◆ **Input material**:
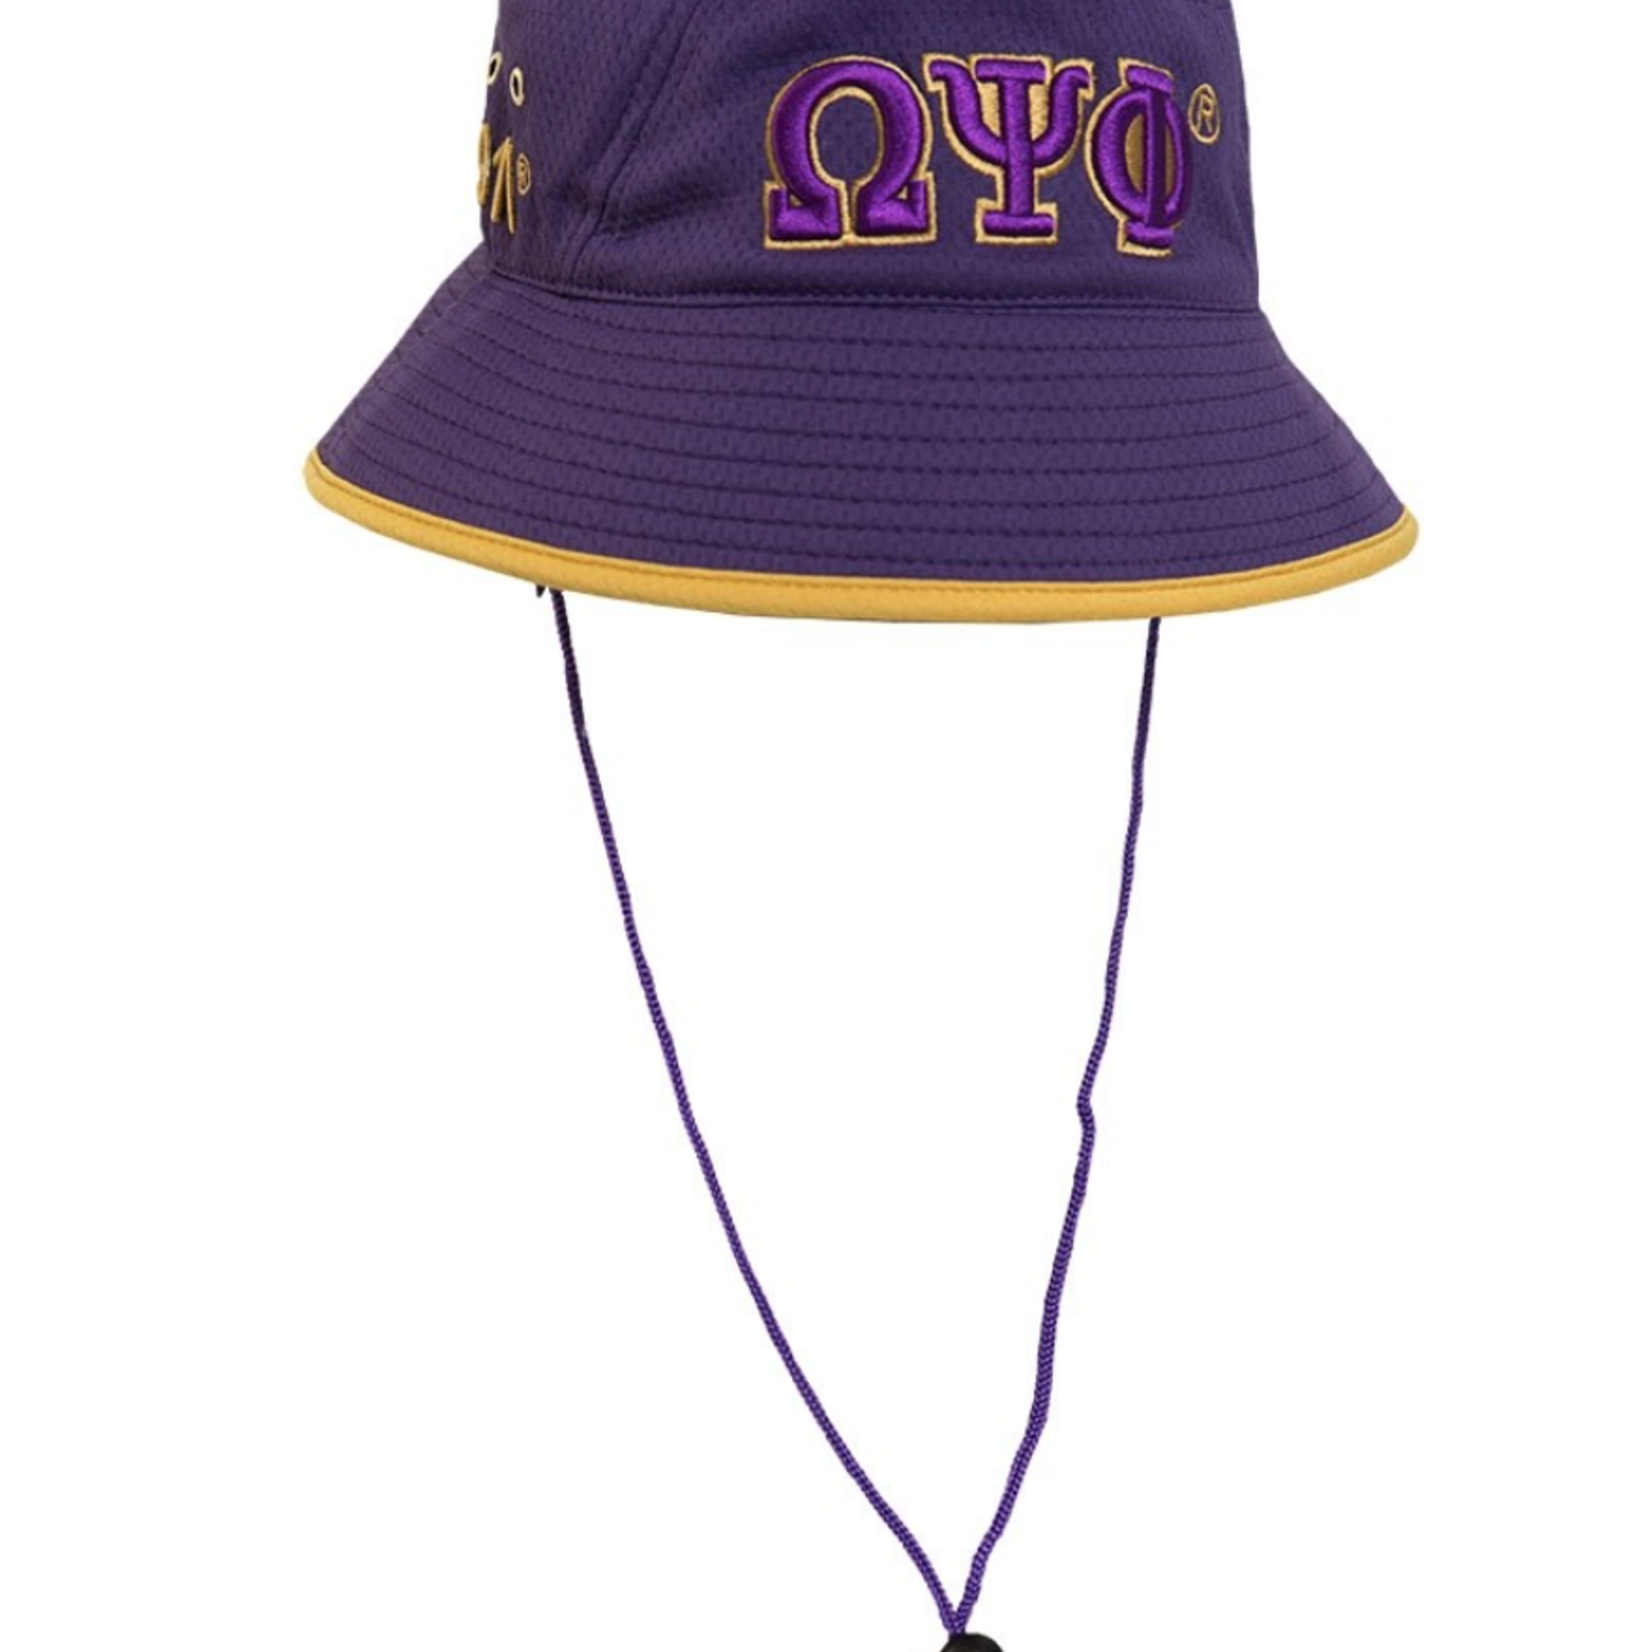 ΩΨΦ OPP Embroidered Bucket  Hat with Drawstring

--

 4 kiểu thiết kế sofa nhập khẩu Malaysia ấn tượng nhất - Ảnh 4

---

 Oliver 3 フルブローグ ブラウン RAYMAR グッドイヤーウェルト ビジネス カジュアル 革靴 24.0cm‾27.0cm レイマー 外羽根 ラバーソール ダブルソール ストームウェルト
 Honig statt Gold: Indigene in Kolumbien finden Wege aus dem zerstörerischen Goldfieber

◆ **What needs to be done**:
Within the listing above, the range opens at the line with "Oliver 3 フルブローグ" and closes at the line with "Honig statt Gold: Indigene". Reproduce exactly the lines of that range, including both ends.

◆ **Worked solution**:
 Oliver 3 フルブローグ ブラウン RAYMAR グッドイヤーウェルト ビジネス カジュアル 革靴 24.0cm‾27.0cm レイマー 外羽根 ラバーソール ダブルソール ストームウェルト
 Honig statt Gold: Indigene in Kolumbien finden Wege aus dem zerstörerischen Goldfieber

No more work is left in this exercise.